R.P.W. Duin and E. Pekalska, Non-Euclidean Dissimilarities: Causes and Informativeness, Poc. SSSPR 2010, LNCS 6218, Springer, 2010, 324-333.
First we load all 44 dissimilarity matrices and compute for each of them the LOO 1NN classification error and the negative eigenfraction as a measure for the non-Euclidianess.
D =
chickenpieces
('all');
norm = [5 7 10 15 20 25 29 30 31 35 40];
cost = [45 60 90 120];
E = zeros(size(D));
F = zeros(size(D));
for i = 1:size(D,1), for j=1:size(D,2)
E(i,j) = nne(D{i,j});
F(i,j) = nef(D{i,j}*makesym*pe_em);
end, end
Next the classification errors are plotted as a function or the norm.
figure;
h = plot(norm,E);
set(h,'linewidth',2)
set(gca,'fontsize',12)
ylabel('Error')
xlabel('Norm')
title('1NN Error for chickenpieces dissimilarities')
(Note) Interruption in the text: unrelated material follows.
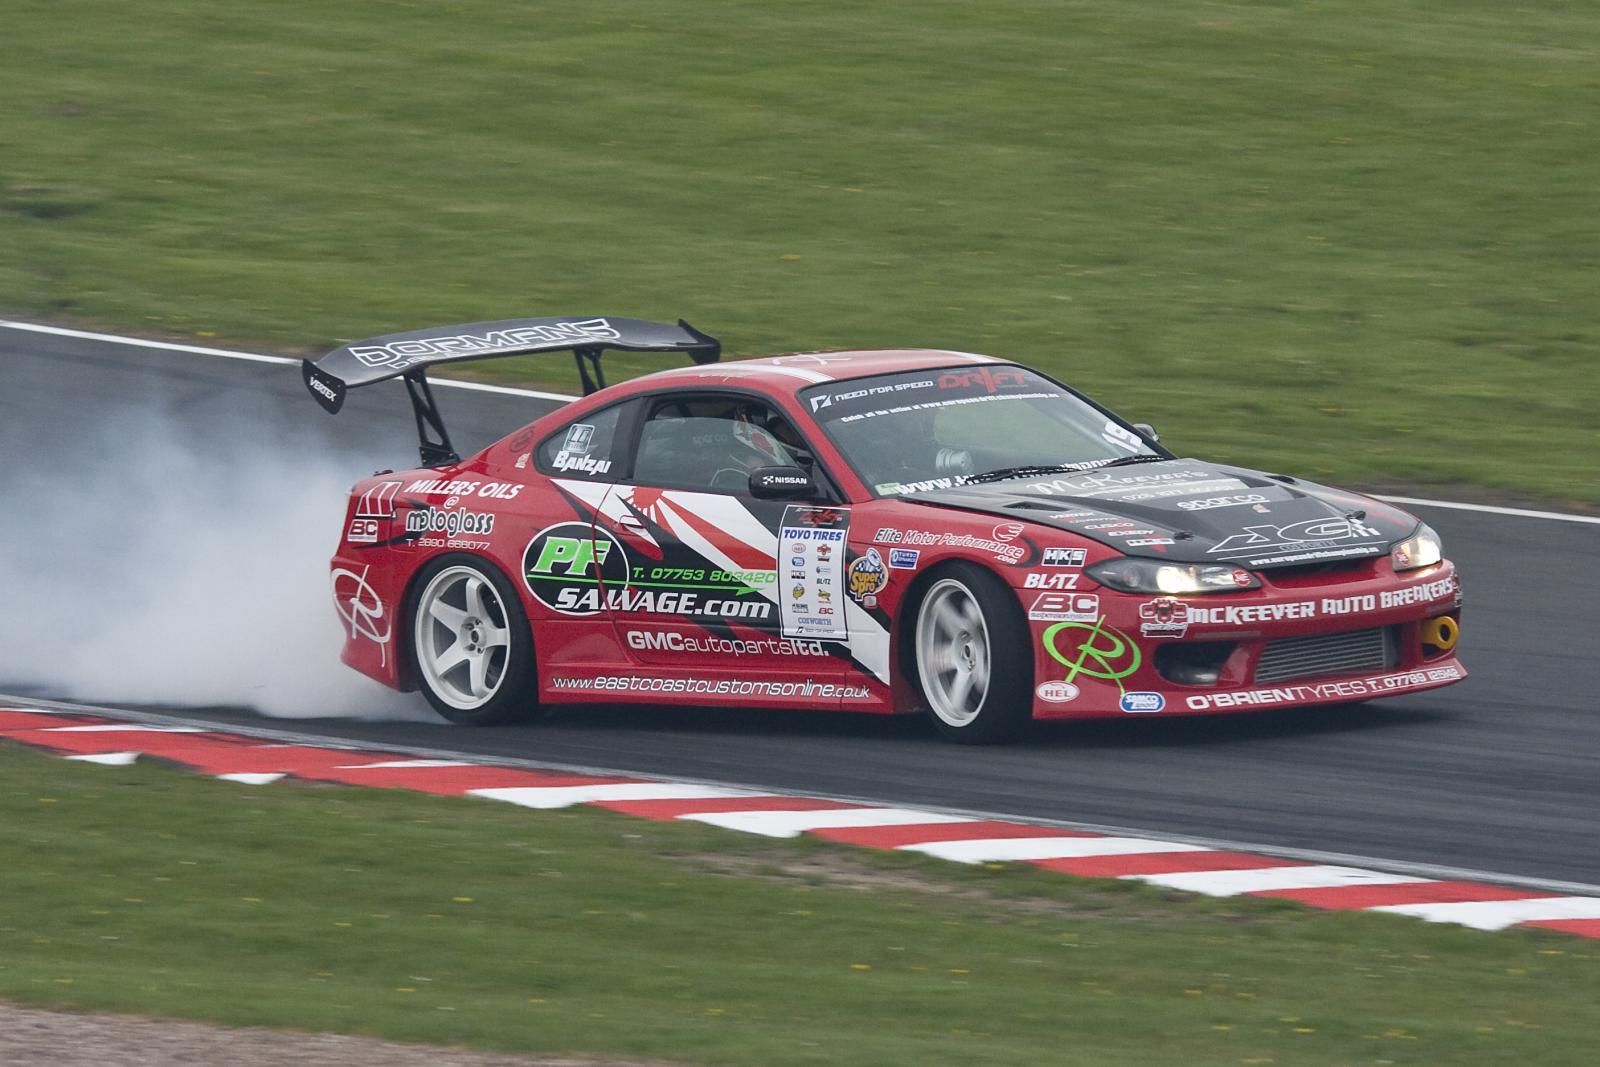 Cars Drift Wallpaper 1600x1067 Cars Drift Vehicles Nissan Silvia 1600x1067
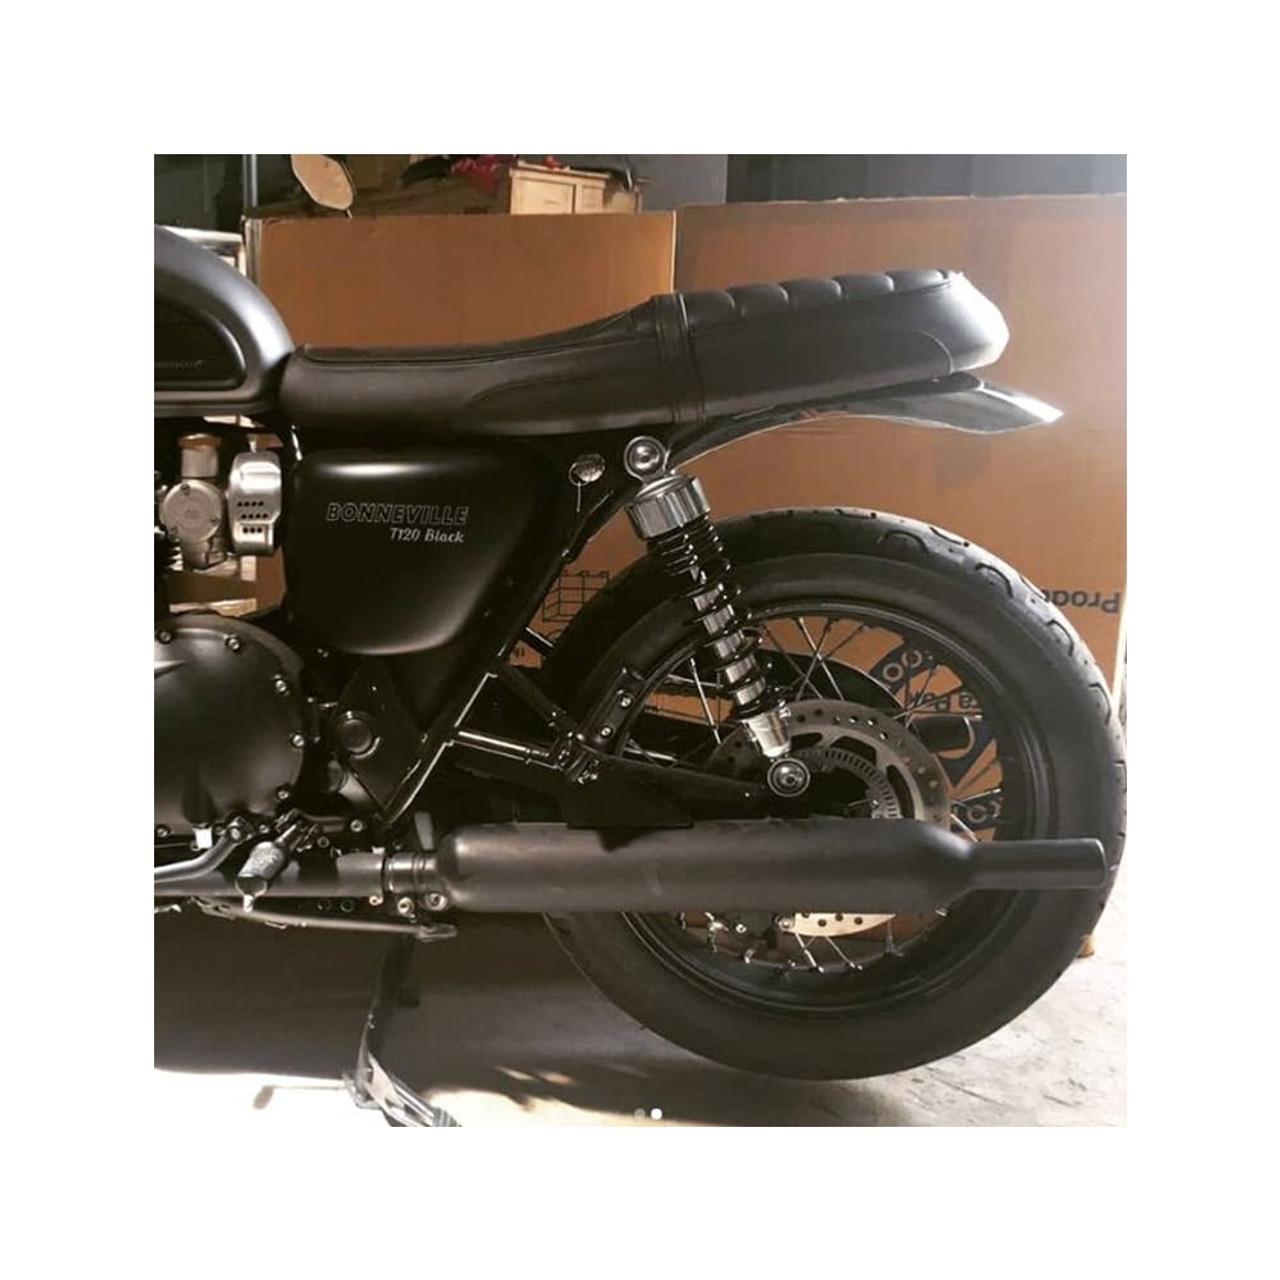 MOTONE Bobbed Rear Mudguard/Fender - Polished Aluminium - LC

legend('cost 45','cost 60','cost 90','cost 120')
Finally the NEF is plotted as a function of the norm.
figure;
h = plot(norm,F);
set(h,'linewidth',2)
set(gca,'fontsize',12)
ylabel('NEF')
xlabel('Norm')
title('Negative eigen fraction for chickenpieces dissimilarities')
legend('cost 45','cost 60','cost 90','cost 120')
showfigs
Note that the best results correspond with dissimilarity measures with a rather high NEF.
Exercises
- Compute the learning curve for the 1NN classifier of the given dissimilarities for norm = 29 and cost = 45 using nnerror2. Select a training set size for which you want to beat the !NN performance by a dissimilarity based classifier.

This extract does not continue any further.